Right off the bat I see an issue: The BlueRail LS receiver/decoder/booster has an absolute max input voltage of 18 volts. I will be experimenting to see what the real limit is. There is an overvoltage LED.

This means with li-ion batteries, you are limited to 4 cells (5 cells could be 21 volts right off a full charge)

So after coming off the full charge, the nominal voltage of 4 cells is 14.4 volts, which is WAY too low for G scale locos except some of the steamers that will run a scale 25 miles per hour. This won't run diesels fast enough except perhaps a USAT.

The important thing to get here, is that the designers have worked hard to make the many functions of DCC simplified, but this means custom mappings in the firmware to support different decoders. It would be nice if there was a program to easily map this, perhaps piggy backing on the JMRI database, i.e. JMRI knows what functions are where, and could be used to feed a customizing program for the BlueRail.



so this is a bit scattered, and there is no single manual.

I'm making a list of links here to at least locate the data:


This is a link to the "user guide" but it is a page with several "articles"

The articles are actually a good step for overviews of different installations, especially for non-tech type individuals.

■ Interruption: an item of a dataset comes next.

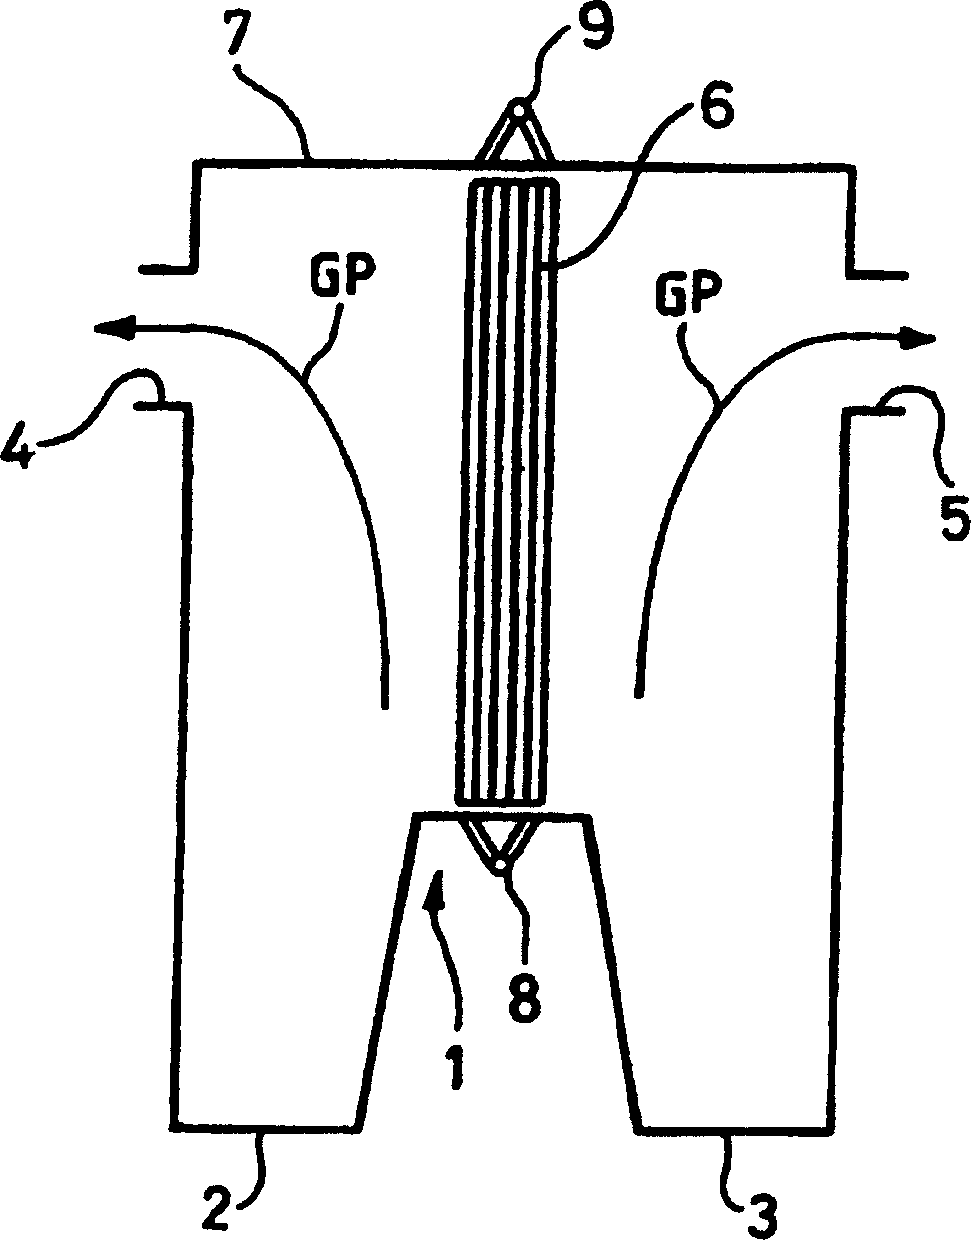 Fluidized bed boiler furnace comprising two hearths separated by an inside leg area

This is a very nice page explaining CV's:

This page reveals VERY important information about how BlueRail operates CVs, it writes CVs in POM mode, but when you want to read a CV, it switches to service mode. I'll need to observe how this works in practice. One issue would be that certain decoders will not allow every CV to be written in POM mode.

The u.fl connector for the external antenna (funny, u.fl is the industry standard connector name, not the name of an antenna design, which looked like a dipole) is not on my board. I also wonder what the J4 header is for.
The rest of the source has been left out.